The evolution of wound dressings has undergone a significant transformation from the traditional approach, which focused on maintaining dry and firm wound environments. In 1962, George Winter introduced the revolutionary concept of moist healing, challenging the conventional notion [1]. Subsequent investigations, such as Barnett's demonstration with semipermeable film, underscored the crucial role of a moist environment in wound healing [2]. The benefits of a moist environment have been well‐established, with proven enhancements in the migration rate of epidermal cells and the facilitation of wound closure [3]. This approach has found successful application in diverse wounds, including burns, pressure ulcers, and diabetic foot ulcers. Moreover, studies highlight the effectiveness of moist dressings in recalcitrant wounds, demonstrating their capability in necrotic tissue removal [4] and the promotion of keratinocyte migration over the wound surface [5, 6]. Moist wound dressings also contribute to the presence and function of nutrients, growth factors, and other soluble mediators in the wound microenvironment [7].
Despite the benefits offered by moist wound dressing, non‐moist adherent dressings (e.g., Mepitel or petrolatum gauze) are also commonly applied to the donor site because moist dressings tend to be labor‐intensive for both the patient and the caregiver due to a higher rate of drainage from the site and the need for caregiver intervention before healing.

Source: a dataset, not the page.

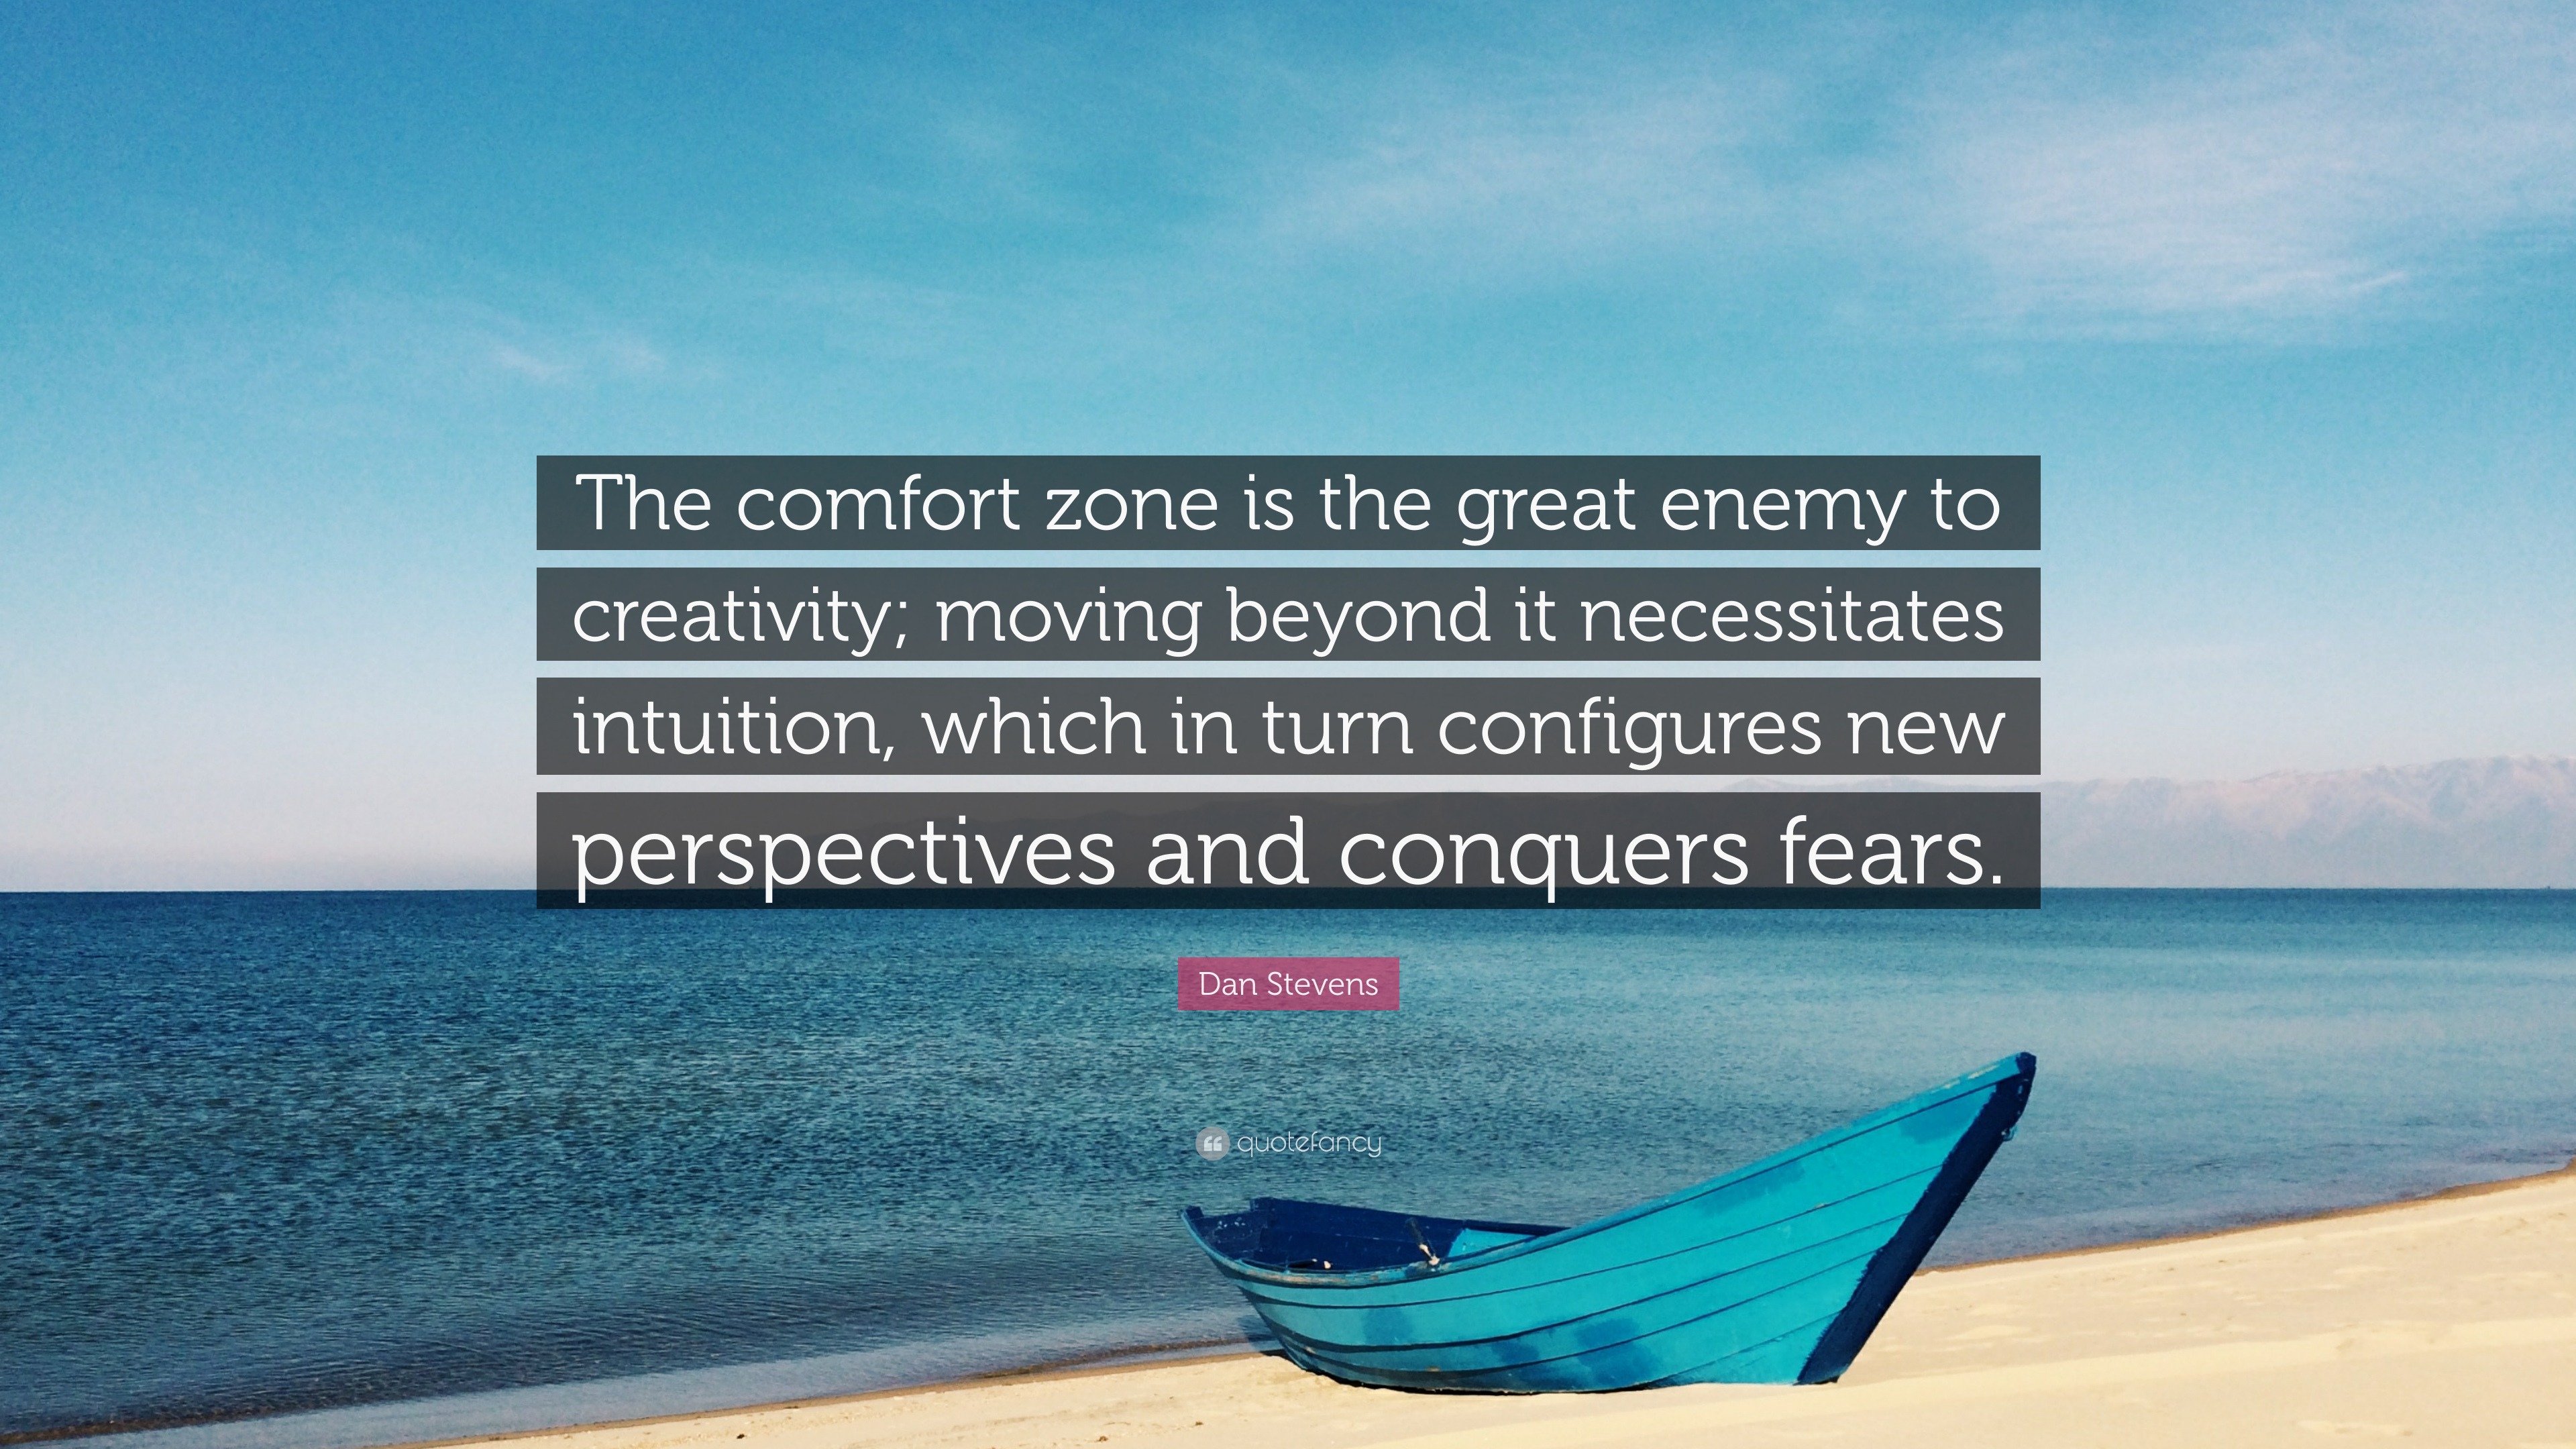 Moving beyond comfort zones

As a result, a consensus on the choice of STSG donor‐site wound dressing is notably absent in clinical practice. Surgeons often make this decision based on personal preference, lacking a clear evidence‐based consensus from the existing literature.
Over the last two decades, conflicting conclusions have arisen from four systematic reviews comparing various donor‐site dressings [8, 9, 10, 11]. The 1998 review highlighted transparent film as a favorable choice, demonstrating one of the fastest healing rates, a low infection rate, minimal pain, and cost‐effectiveness [8]. In contrast, the 2003 review concluded that moist wound‐healing products confer distinct clinical advantages over non‐moist alternatives in managing STSG donors [9]. However, the 2009 review found no definitive evidence favoring wet dressings over dry ones [10]. Recent reviews, conversely, suggest that patients treated with moist dressings consistently experience significantly lower pain levels at all time points compared to those with non‐moist dressings [11].

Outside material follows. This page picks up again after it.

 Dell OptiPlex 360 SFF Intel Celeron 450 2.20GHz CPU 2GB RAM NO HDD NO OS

While quantitative analyses of pain scores exist, previous studies have not included a quantitative analysis of time to healing (TTH). In the interim, new dressings have entered the market, and higher quality comparative studies have been conducted, necessitating a systematic review and meta‐analysis (SRMA). Such an analysis is crucial for providing a head‐to‐head comparison of moist versus non‐moist dressings, considering disparate outcomes such as TTH, pain, and adverse events. Therefore, this study aims to offer a comprehensive summary of the latest evidence guiding the choice of wound dressing for STSG donor sites.
2. Method
2.1. Research Protocol and Search Question
Our investigation into the effectiveness of moist versus dry dressings on STSG donor sites was structured using the PICO (problem, intervention, comparison, outcome) search protocol framework. The primary focus of our study is the mean time required for healing (either complete epithelialization or achieving 90% epithelialization). Secondary outcomes include the mean pain score during the removal of wound dressings and the occurrence of adverse events, including infection rates and hematoma. This study strictly adheres to the Preferred Reporting Items for Systematic Reviews and Meta‐analyses (PRISMA) reporting guidelines [12], follows the recommendations put forward in the “Guidelines for Reporting of Statistics for Clinical Research in Urology” [13], and is registered with PROSPERO (CRD42022376165).
2.2. Eligibility Criteria
Our analysis includes studies comparing the mean time required for the complete healing of STSG donor site wounds. It compares moist dressings, such as hydrocolloid, Tegaderm, Aquacel, and Kaltostat, against non‐moist dressings like Xeroform and paraffin‐impregnated gauze. Excluded from consideration are single‐group studies, case reports, basic science experiments, and studies involving animals or cadavers. Additionally, conference abstracts lacking full‐length articles are not included.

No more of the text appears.